Historic and Live Data


This mode of ingestion will Ingest both historic and live data.
Use Case :

Salesforce to Redshift Migration:

  • Scenario: Moving from legacy data warehouse to Redshift, including all historical Salesforce data.

  • Implementation: Pipeline ingests all historical Salesforce data and continues with real-time syncing.

  • Outcome: Redshift contains complete historical context and stays current with ongoing Salesforce updates.

Live Data


This mode of ingestion will only Ingest the live data coming to your data source.

Use Case :

MongoDB to Kafka Streaming for Real-time Analytics:

  • Scenario: Streaming current user activity data for real-time analytics.

  • Implementation: Pipeline set to ingest and stream only new data from MongoDB to Kafka topics.

  • Outcome: Analytics team can perform real-time analysis on current user behaviors.

Historic Data


This mode of ingestion will only Ingest the historical data present at the source.

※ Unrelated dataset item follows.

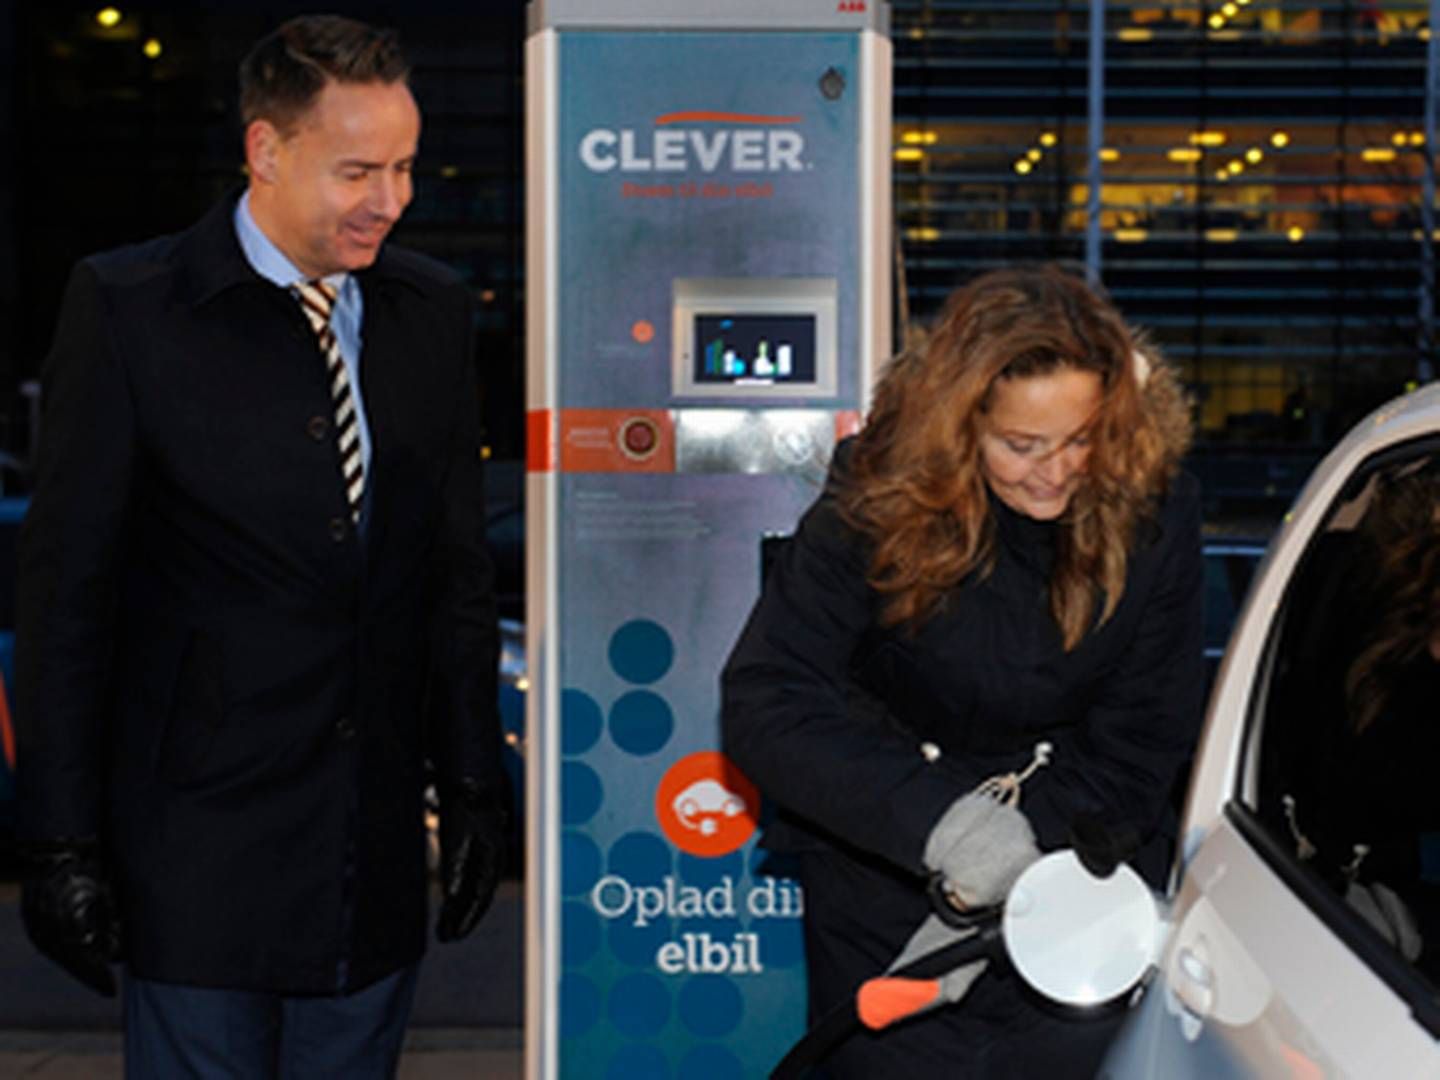 Den første nye ABB-hurtiglader blev indviet af transportminister Pia Olsen Dyhr. | Foto: Clever/James Thisted

This will just be a one time run and the pipeline will be stopped after the historical data transfer is complete.

Use Cases :

JIRA to PostgreSQL:

  • Scenario: Analyzing completed project data for a analytical review.

  • Implementation: Pipeline configured to ingest JIRA data for a specific past time range into PostgreSQL.

  • Outcome: Project managers can query and analyze historical project data for performance reviews.

FAQs

How do I choose between real-time and scheduled pipeline operation?

Consider:

  1. Data freshness requirements (e.g., live inventory updates vs. daily sales reports)

  2. Source system's ability to handle continuous data extraction

  3. Destination system's capacity for frequent updates

  4. Available computing resources

Choose real-time for immediate data needs and scheduled for less time-sensitive, resource-intensive processes.

What's the advantage of using CRON over interval scheduling?

CRON offers more precise control. For example:

  • Run on specific days of the week: 0 9 * * MON,WED,FRI (every Monday, Wednesday, Friday at 9 AM)

  • Complex monthly schedules: 0 12 15-21 * MON (at noon on the third Monday of every month)

Use CRON for schedules that can't be easily expressed as simple intervals.

When should I choose to ingest only historic data?

Consider historic-only ingestion for:

  1. Initial data migrations

  2. Reprocessing specific time periods data (e.g., recalculating last year's financials with new rules)

By carefully configuring these settings and following best practices, you can create robust ETL pipelines that effectively meet your data processing requirements and adapt to changing needs.